In the United States, there is no federal environmental rights amendment. While environmental rights are mentioned in a number of state constitutions, the states of Montana, New York and Pennsylvania have passed environmental rights amendments.

=== Montana ===
Montana added environmental rights in 1972.

==== Litigation ====
Held v. Montana was a high profile constitutional law climate lawsuit, which went to trial on June 12, 2023. On August 14, 2023, the trial court judge ruled in the youth plaintiffs' favor, though the state indicated it would appeal the decision. Montana's Supreme Court heard oral arguments on July 10, 2024, its seven justices taking the case under advisement. Montana's Supreme Court affirmed, ruling in favor of the plaintiffs, holding that the Montana Environmental Policy Act (MEPA) limitation on reviewing greenhouse gas emissions was unconstitutional and violated the constitutional right to a clean and healthful environment.

=== New York ===
It was not until 2022 that New York state added a Green Amendment to its constitution. Article I section 19 of the New York Constitution provides, "Each person shall have a right to clean air and water, and a healthful environment." The effort to get the Green Amendment on the ballot started in 2017 and was successful in November 2021.

=== Pennsylvania ===
The state of Pennsylvania was the first to pass an environmental rights amendment as part of their state's bill of rights in 1971. Pennsylvania's environmental rights amendment was proposed by conservationist Ralph W. Abele about 1969 when he became executive secretary of the Joint Legislative Air and Water Pollution Control and Conservation Committee of the Pennsylvania House and Senate. In 1972 he became executive director of the Pennsylvania Fish Commission. During his entire career Mr. Abele was a strong voice for protecting the state's lakes, rivers and streams.

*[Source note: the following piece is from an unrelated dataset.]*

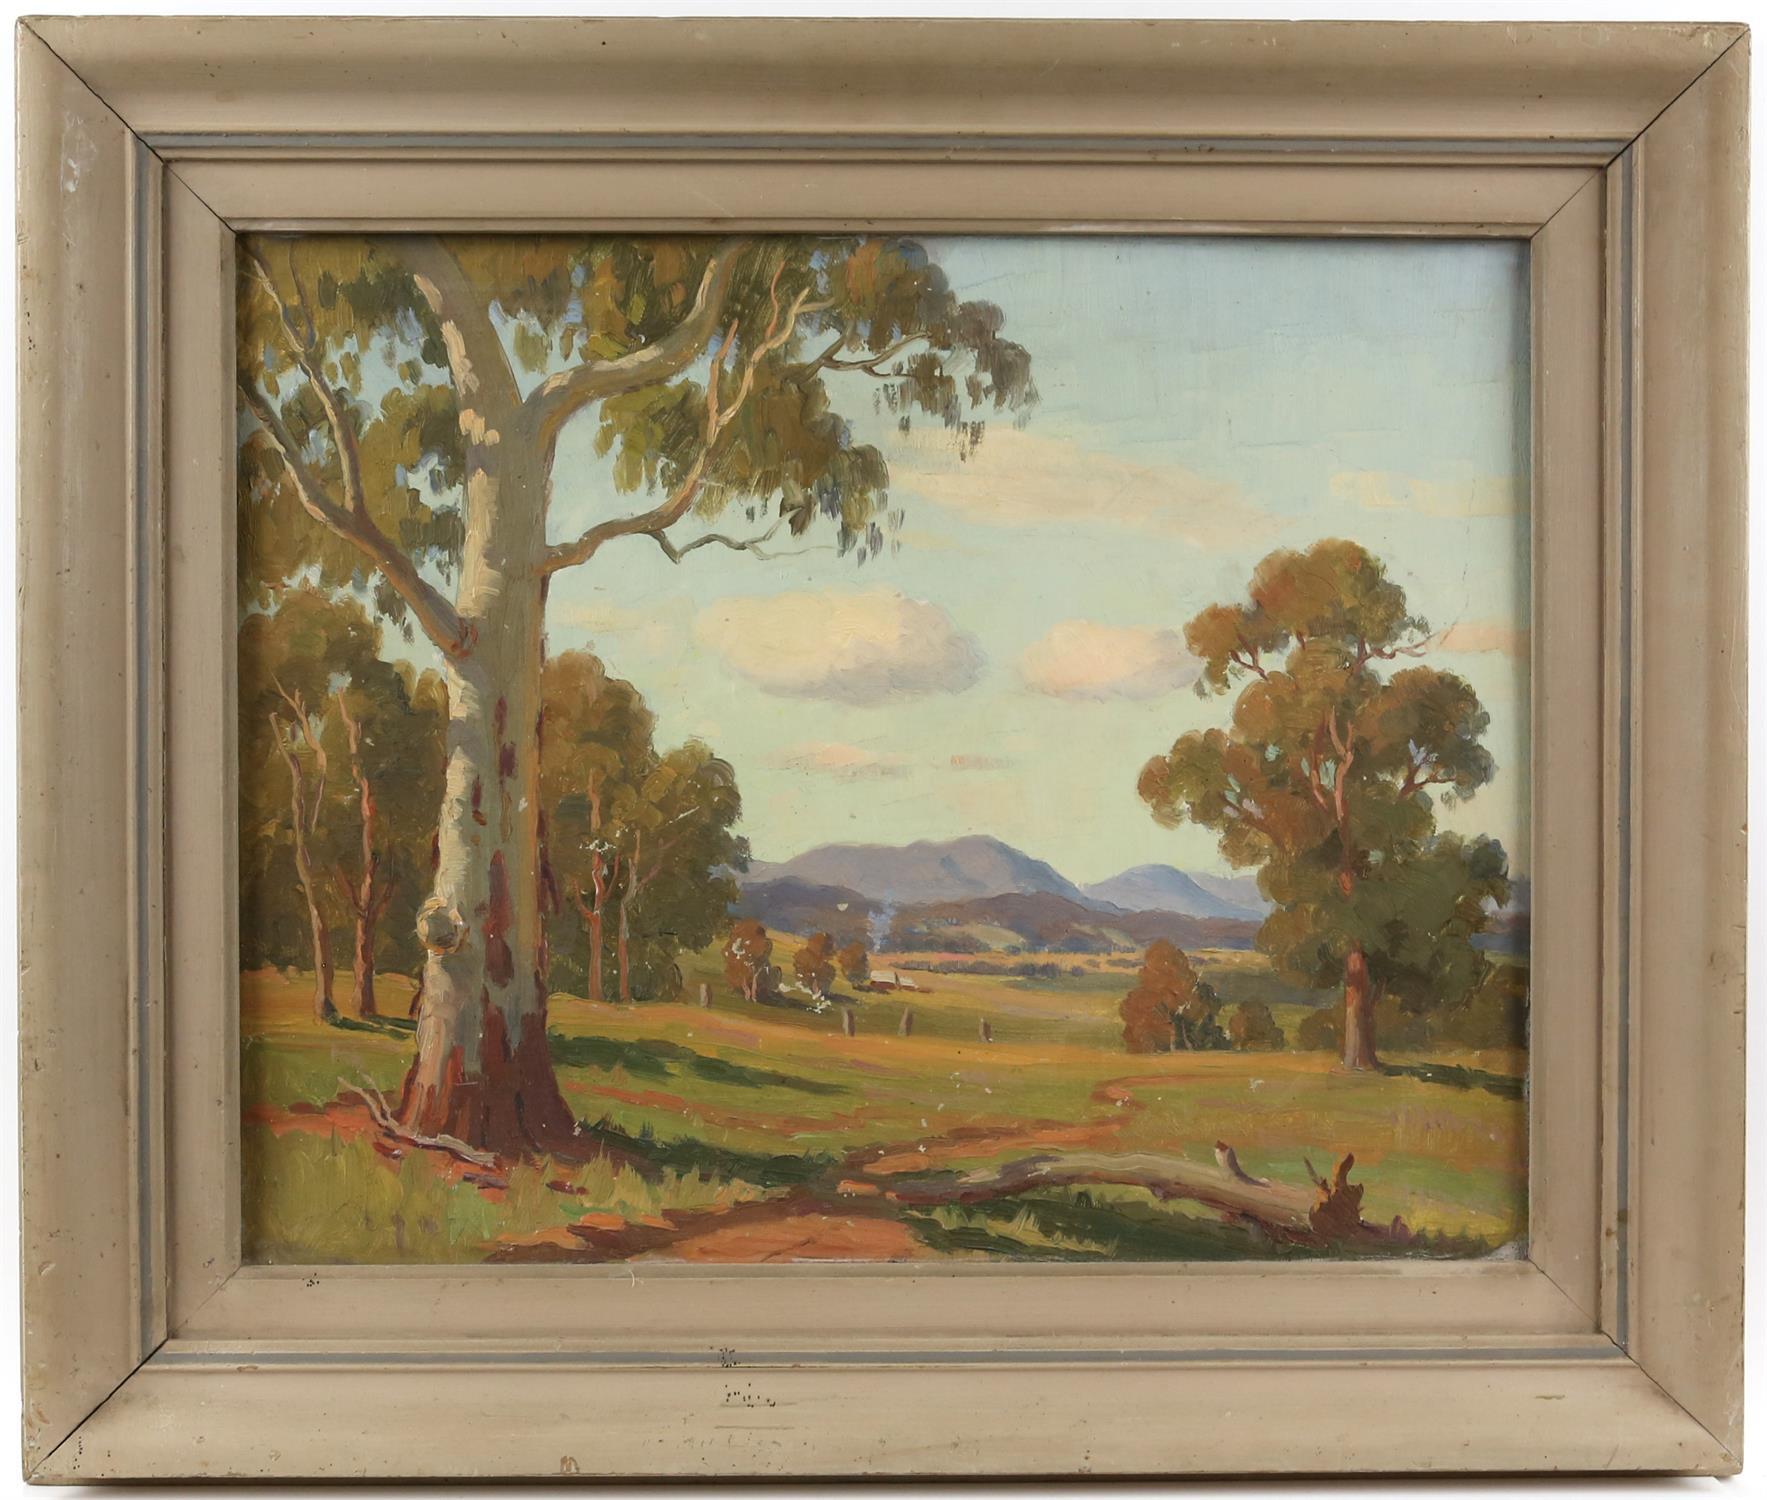 Australian School, landscape with gum trees, oil on canvas-board, 41cm x 51cm - Image 2 of 3

=== Proposed amendments ===
There are several ways to add an environmental rights amendment to a state constitutions in the United States. Although each state is slightly different, in general the state legislature has to pass legislation for the amendment, then it goes before the voters to decide if it will actually be added to the state constitution. A citizen petition can also get an amendment before the people, if the petition can get enough signatures from residents in the state, and go through some other steps, then it can be put before the voters. Citizens in Florida are attempting to do this as of March 2024.

The states of California, Connecticut, Hawaii, Iowa, Kentucky, New Jersey, New Mexico, Tennessee, Texas, Vermont, Washington, and West Virginia have drafted, or are drafting, legislation to add environmental rights amendments to their state constitutions. Other states may well be added to this list as time goes on. As of March 2024, nine states have legislation proposed that could potentially put it on the 2024 ballot. Hawaii, New Jersey, and Washington states have made the most progress toward this goal.

It is important for the wording of any environmental rights amendment to be specific and placed in the Bill of Rights section so that it is enforceable. With specific rights clearly spelled out, such amendments could potentially keep cases out of courts since citizens and regulators would have clear text to refer to when evaluating potential projects. Some are concerned that these amendments will increase the number of legal cases.

== Uruguay ==
The Constitution of Uruguay in its current version includes an article about environmental protection (Art. 47). Together with other proposals, this amendment was approved by popular referendum on 8 December 1996.

Subsequently, another amendment was approved by referendum on 31 October 2004. Art. 47 was expanded with dispositions related to water resources, which since then cannot be privatized. Friends of the Earth also supported the move, saying it "sets a key precedent for the protection of water worldwide, by enshrining these principles into the national constitution of one country by means of direct democracy."